## EXERCISE DESCRIPTION
What is needed here is an exact repetition of the records below, beginning at the line that has "Harlem Hops on" and stopping after the line that has "April 2022 Lunar".

## EXTRACTED INFORMATION
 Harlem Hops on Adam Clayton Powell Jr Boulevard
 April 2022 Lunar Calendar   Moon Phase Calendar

...

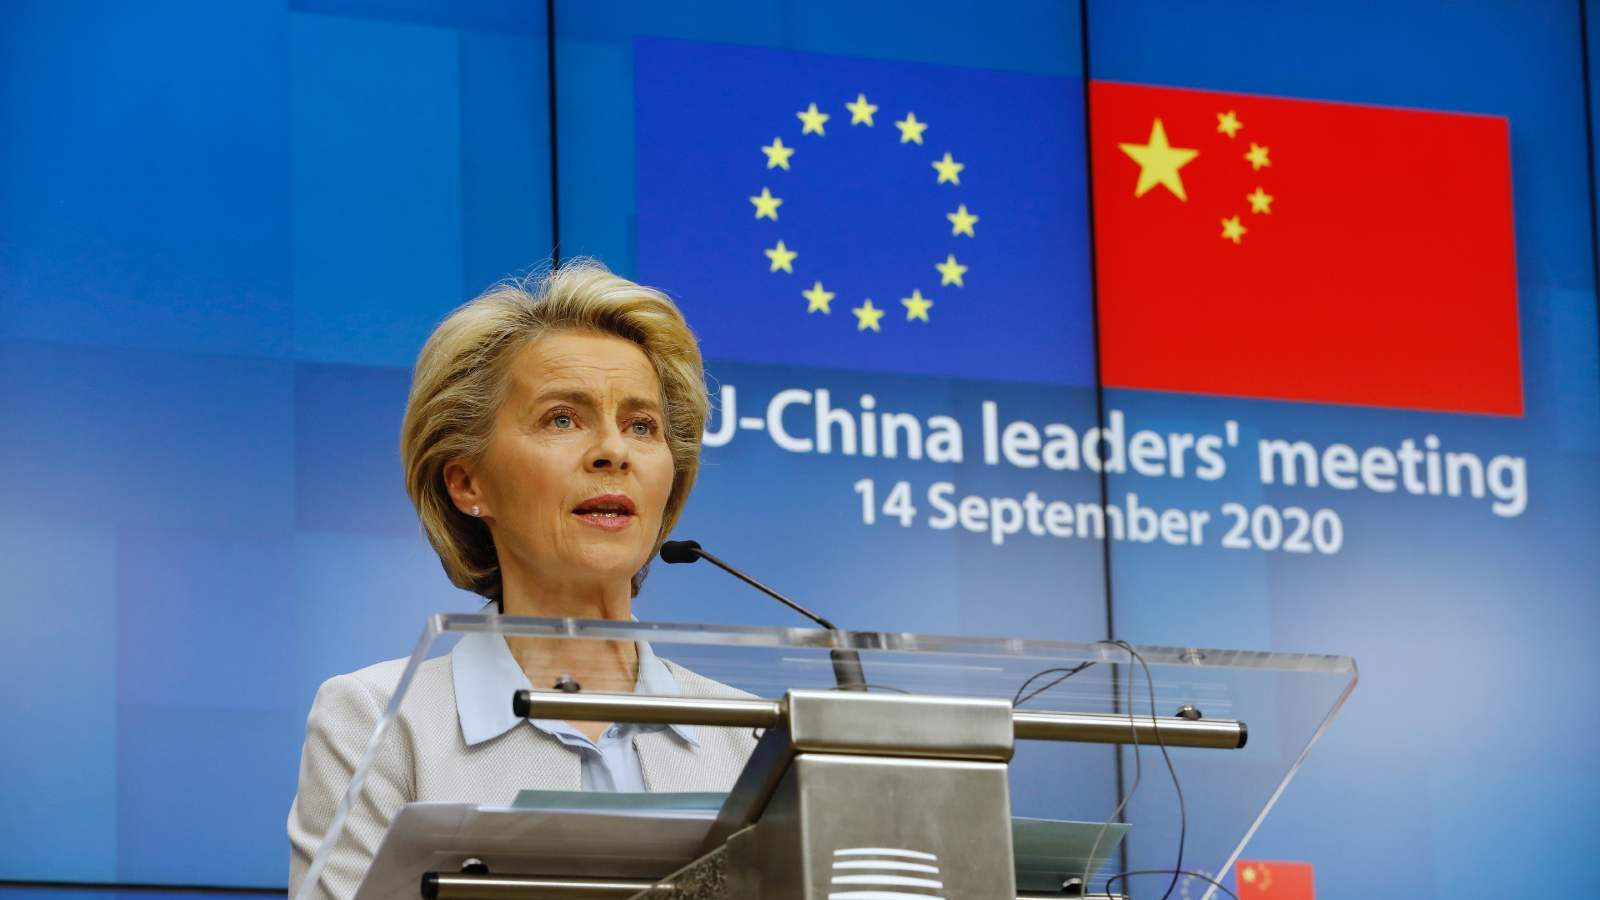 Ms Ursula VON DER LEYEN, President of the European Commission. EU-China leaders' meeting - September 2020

...

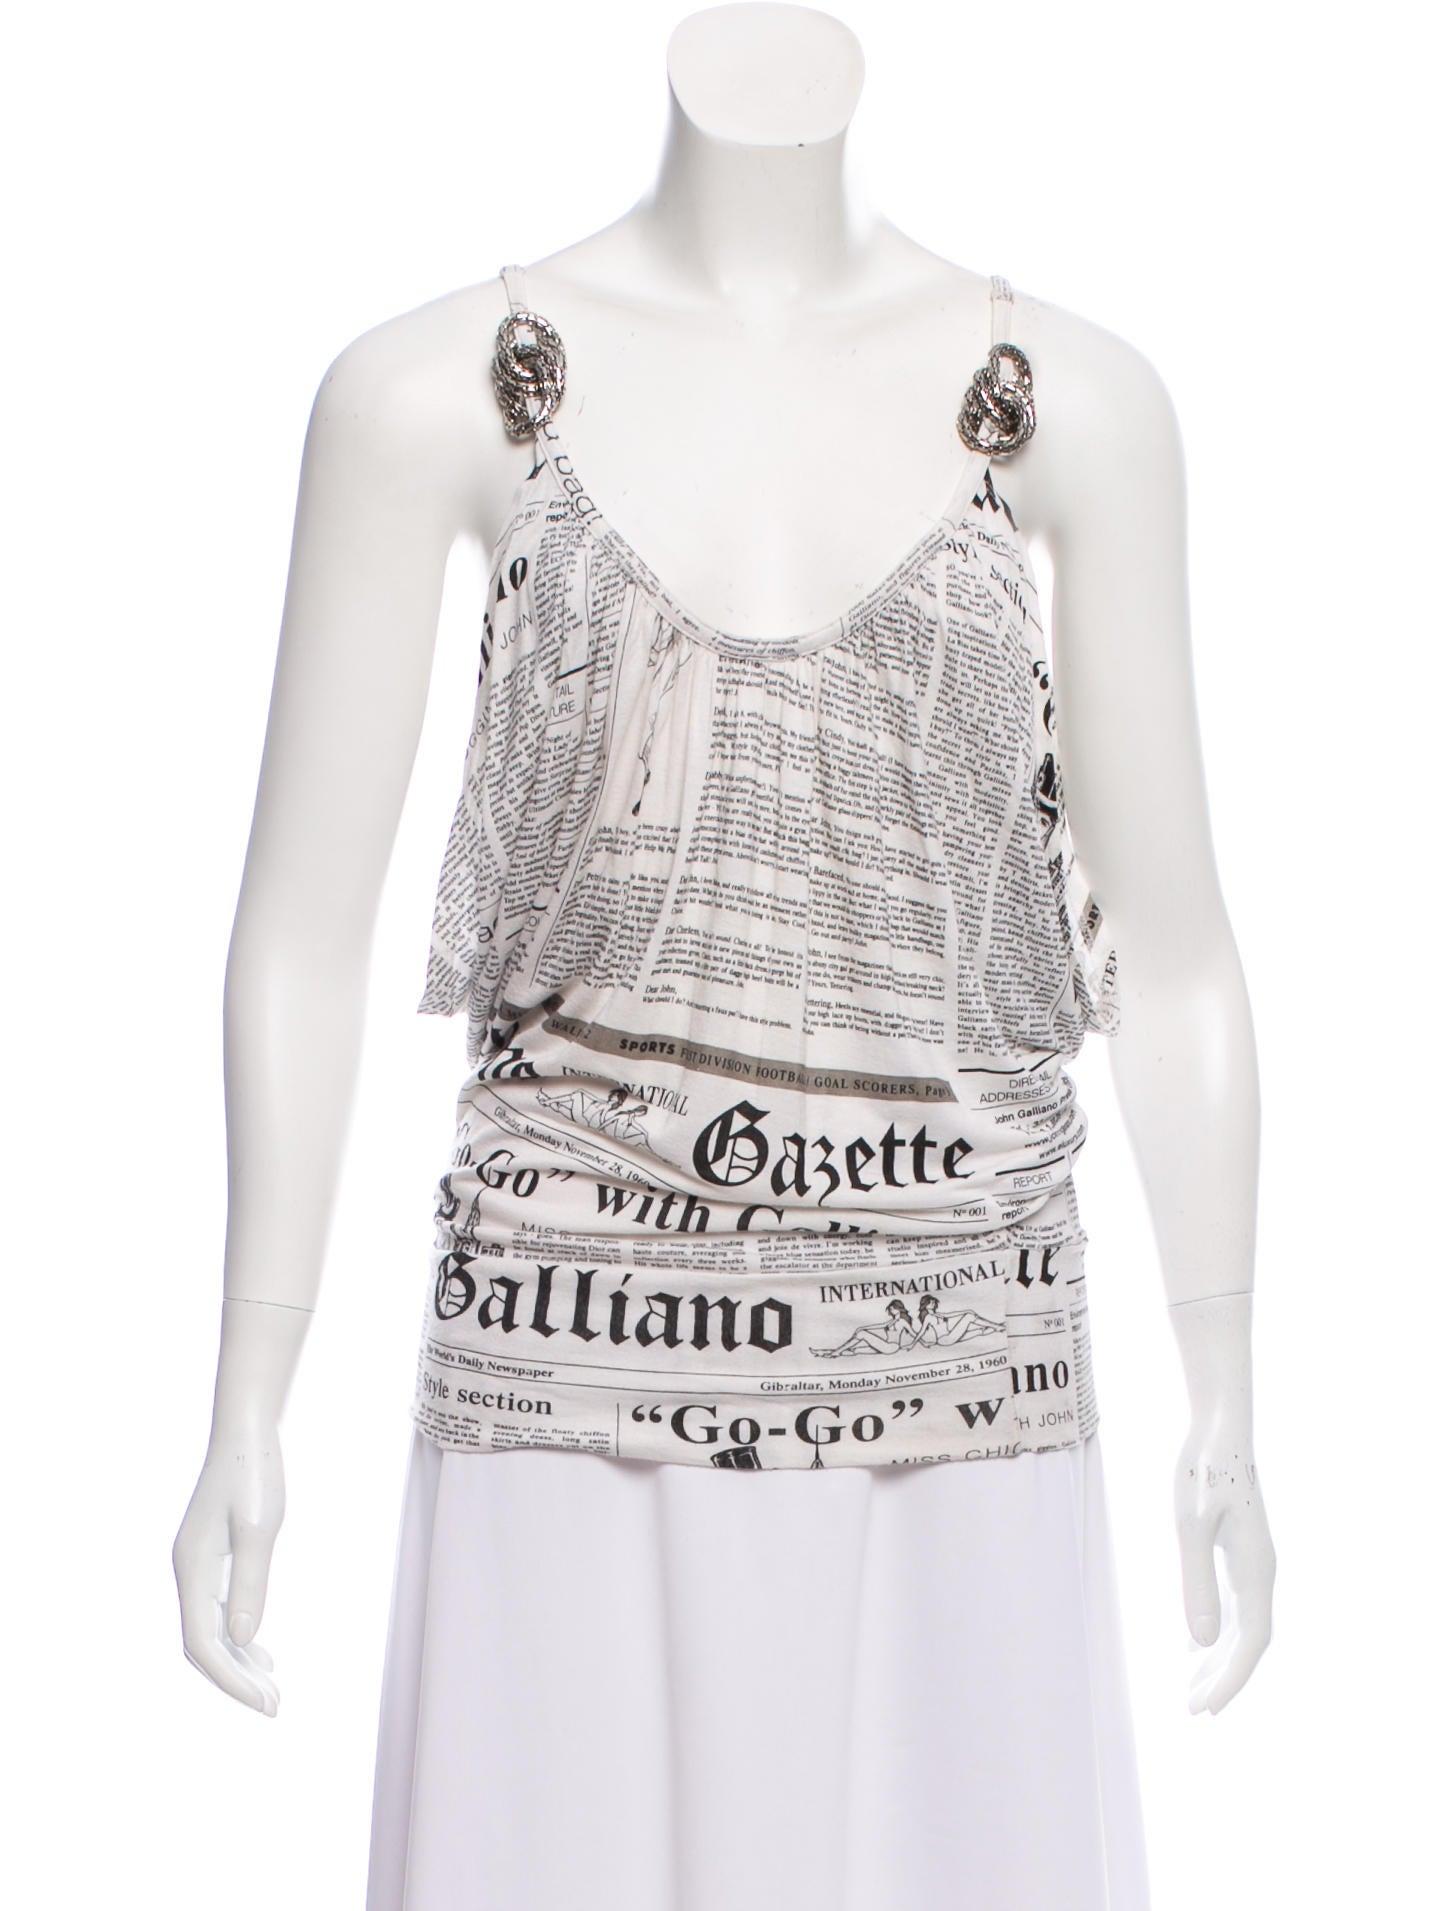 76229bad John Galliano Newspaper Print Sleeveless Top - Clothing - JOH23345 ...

## ANSWER BOX
 Harlem Hops on Adam Clayton Powell Jr Boulevard
 April 2022 Lunar Calendar   Moon Phase Calendar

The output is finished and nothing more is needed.